VEGF, α-SMA, and vWF are all cytokines associated with angiogenesis. In the current study, the results of qRT -PCR indicate that the co-cultured cells had higher angiogenic gene expressions (VEGF and α-SMA) than the monocultured hUVECs or hPDLSCs. Furthermore, vWF had a lower expression in the co-culture group than the hUVEC group.
VEGF is the most important cytokine in promoting vascular endothelial cell proliferation and restrain apoptosis, which is crucial for the stability of vascular endothelial structure [
25]. As largely reported in the literature, VEGF was proved to be a key angiogenic protein during bone repair [
26]. Furthermore, VEGF is directly involved in bone remodeling and new bone formation [
26]. The results of qRT-PCR show that co-cultured cells demonstrated higher VEGF gene expression than monocultured hUVECs and hPDLSCs.
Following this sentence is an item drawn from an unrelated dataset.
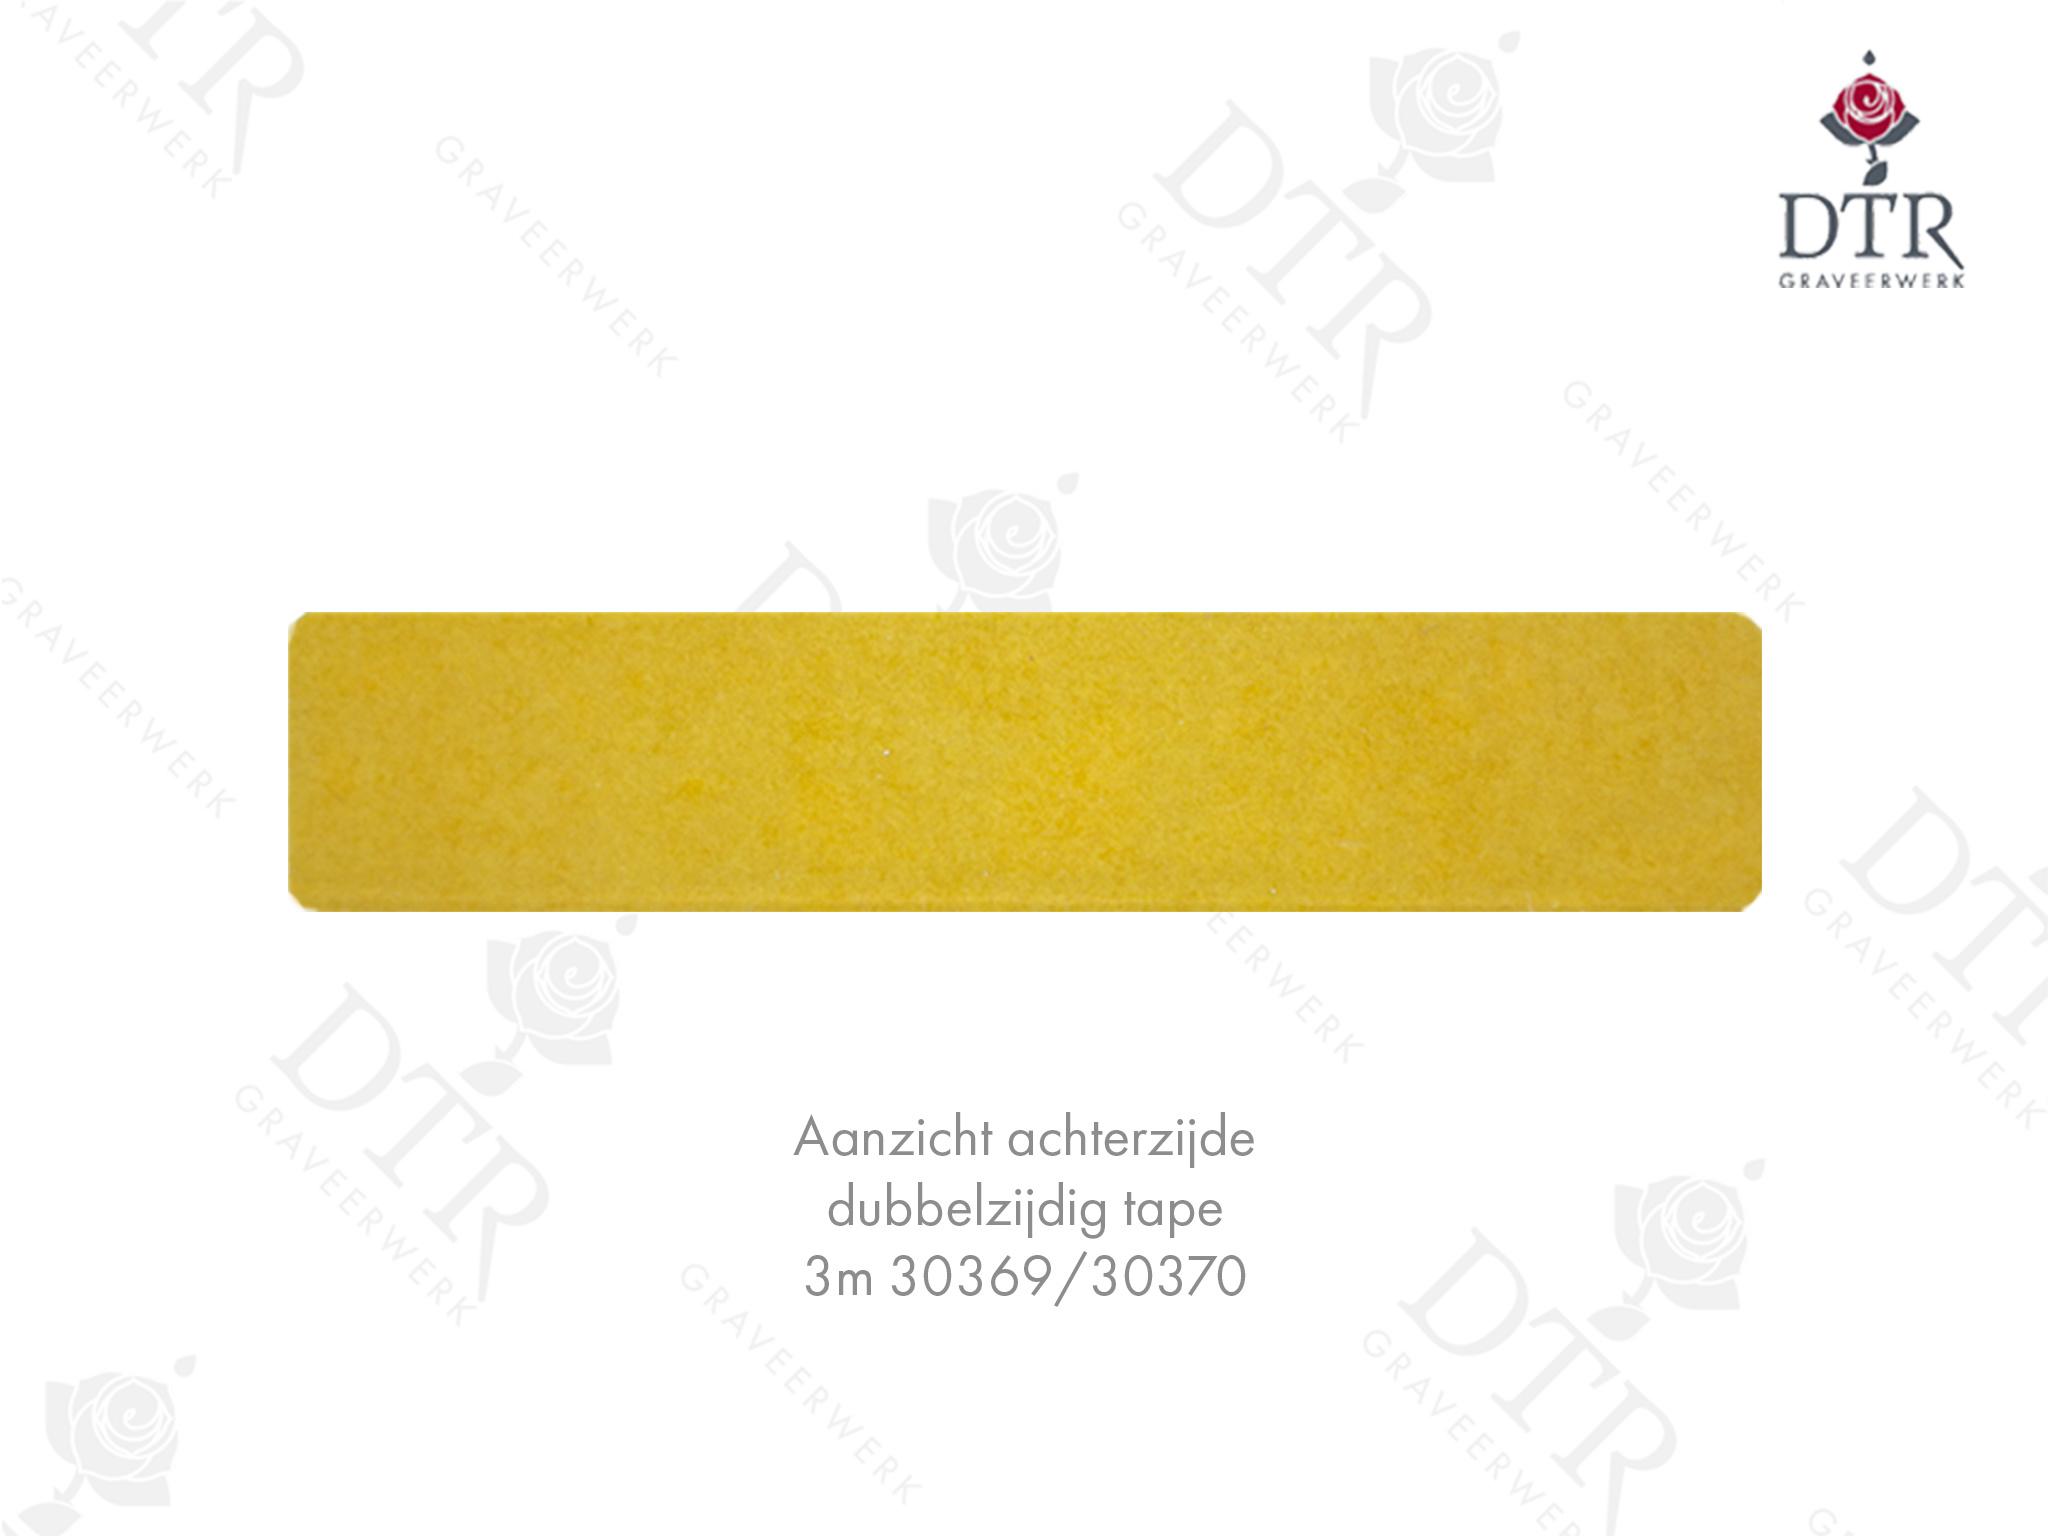 Oremusplein / Bakkerstraat-Nummerplaatjes

Crosstalk between MSCs and VECs is responsible for the proangiogenic factor expression in the co-culture [
27]. Prasadam et al. reported that VEGF secreted from the osteogenic cells enhanced proliferation and migration of hUVECs and induced angiogenesis via activating VEGFR2–MAPK–ERK-signaling pathway in hUVECs [
7]. If VEGF or MAPK–ERK pathways were blocked, these effects on hUVECs will be abolished [
7]. In addition, it was found that interaction between MSCs and endothelial cells can upregulate angiogenic factor CXCL8 [
27]. NF-κB can be activated by CXCL8 and then increased VEGF expression of co-cultured MSCs and endothelial cells [
27]. Therefore, high VEGF expression in co-culture group likely contribute to its better formation of microcapillary-like structures.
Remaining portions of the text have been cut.